_Assignment_:
Taking the line with "Игрушка для птиц Три" as the first and the last line of the listing as the final one, please copy exactly those lines and no others, without pictures.

_Source material_:
──────────────────────────────
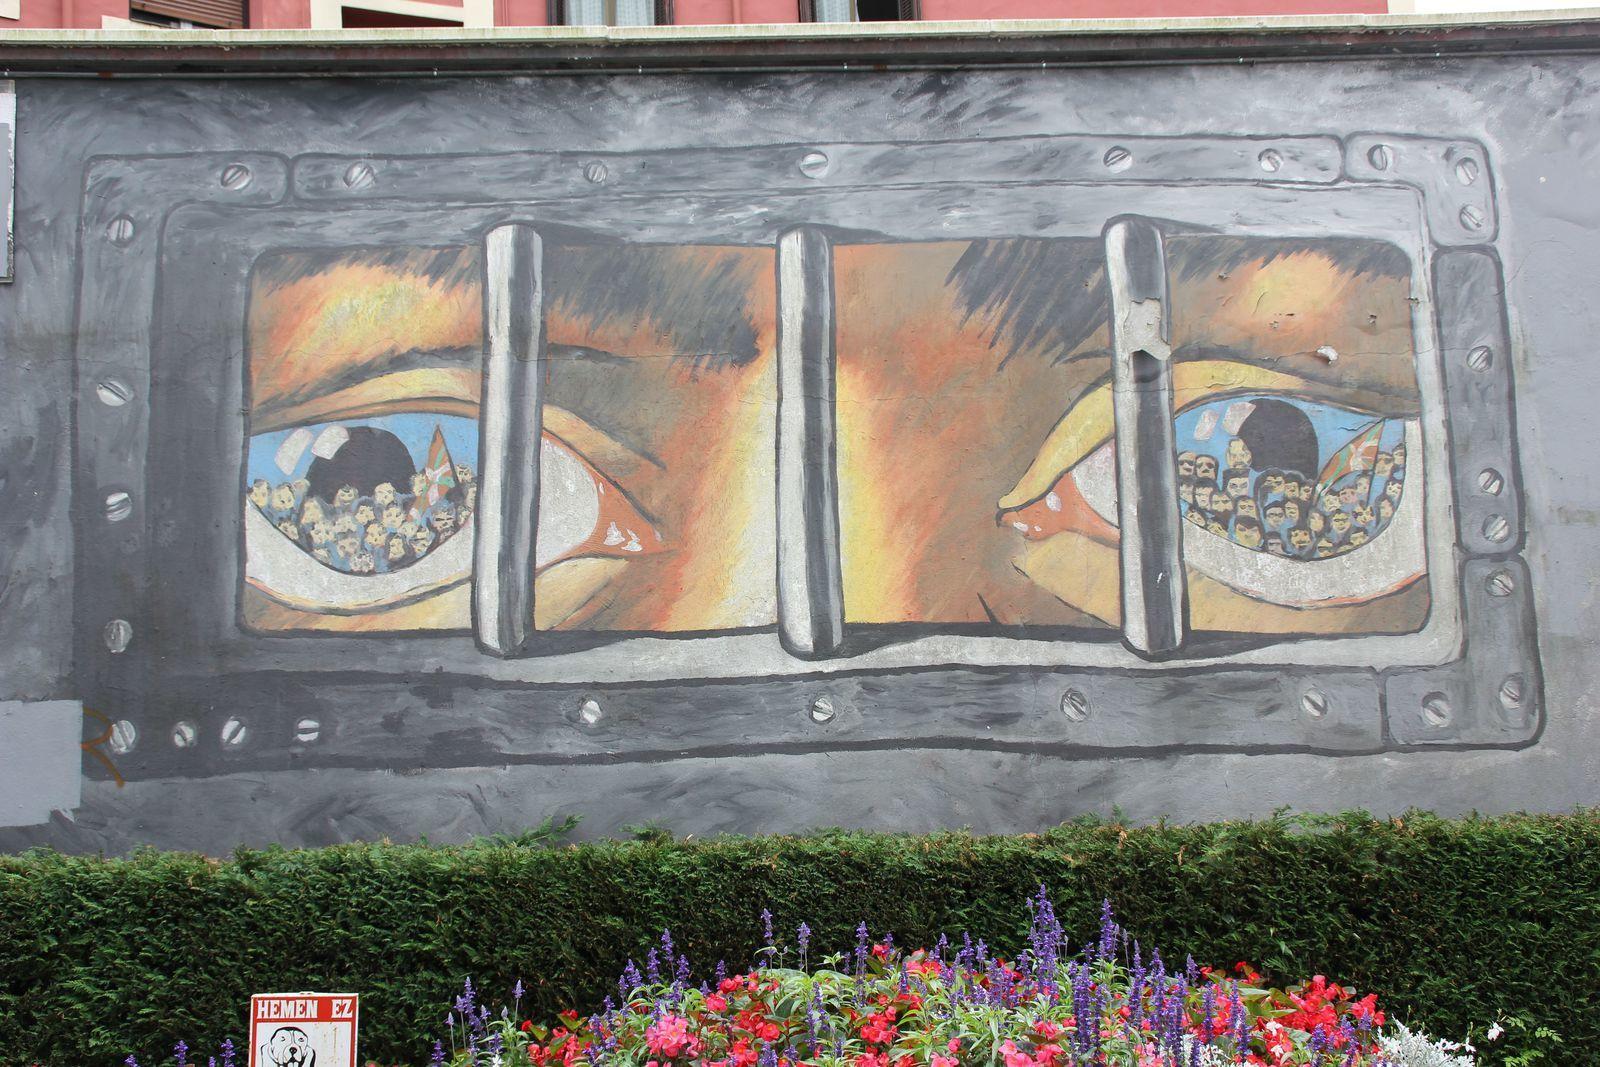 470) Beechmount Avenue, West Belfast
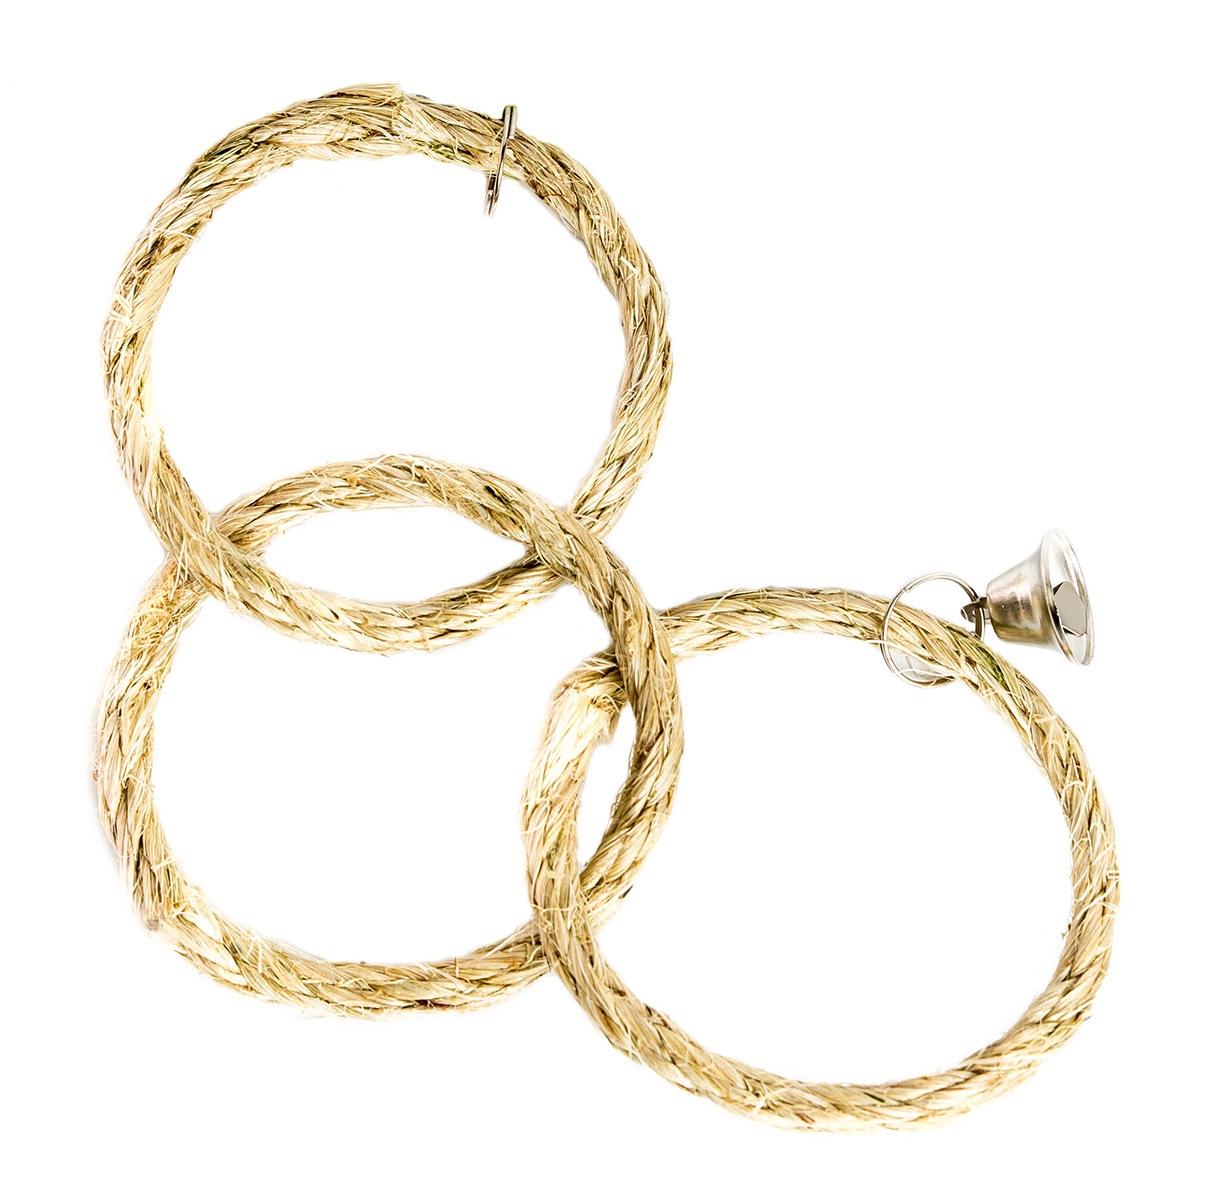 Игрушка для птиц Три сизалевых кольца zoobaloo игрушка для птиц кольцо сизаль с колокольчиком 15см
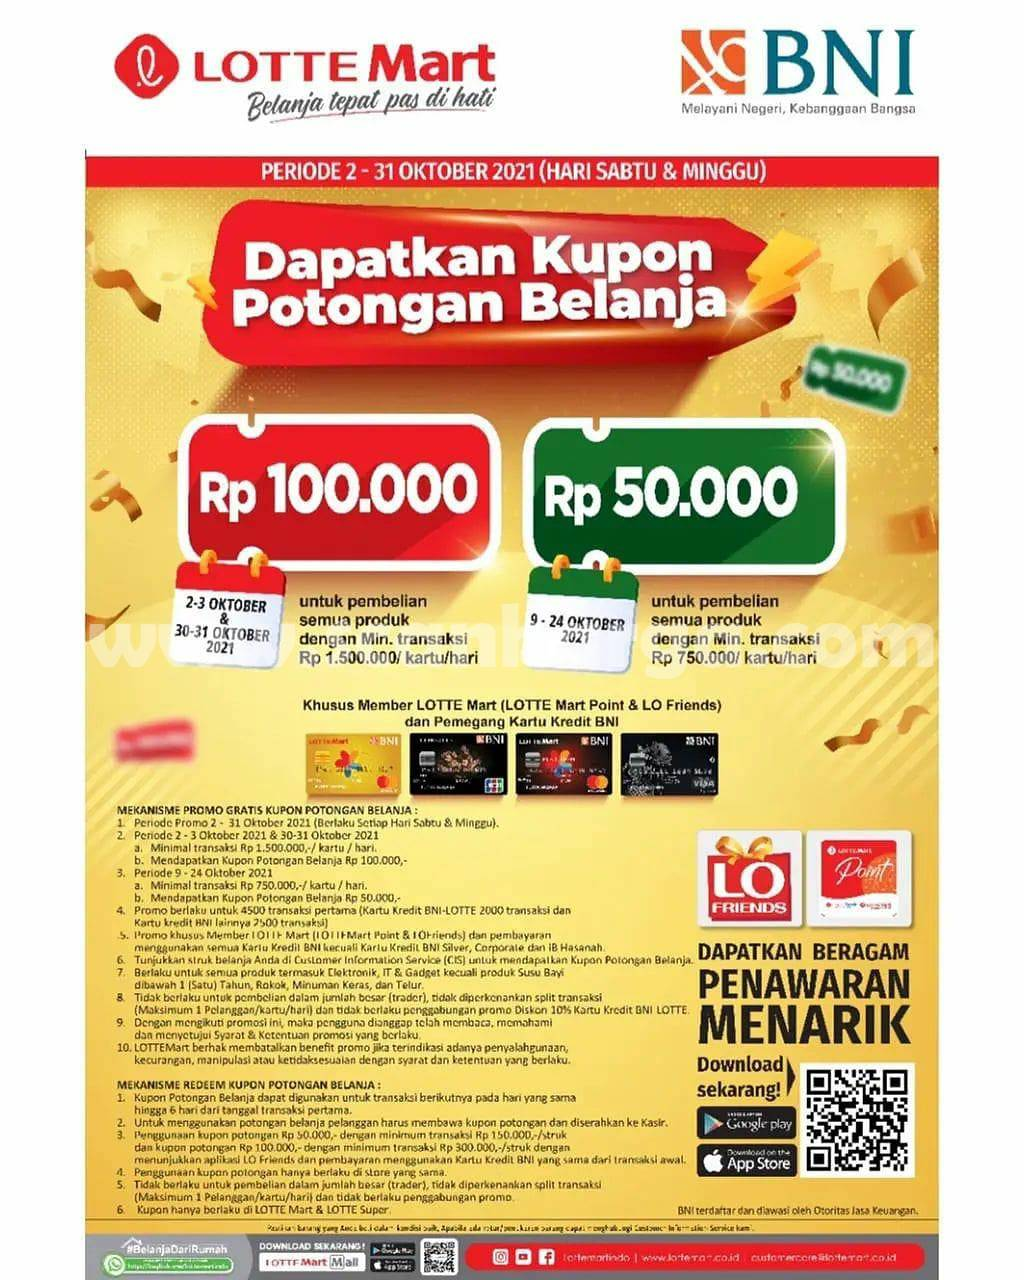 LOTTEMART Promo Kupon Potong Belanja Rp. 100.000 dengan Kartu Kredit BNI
──────────────────────────────
_Output for this exercise_:
 Игрушка для птиц Три сизалевых кольца zoobaloo игрушка для птиц кольцо сизаль с колокольчиком 15см
 LOTTEMART Promo Kupon Potong Belanja Rp. 100.000 dengan Kartu Kredit BNI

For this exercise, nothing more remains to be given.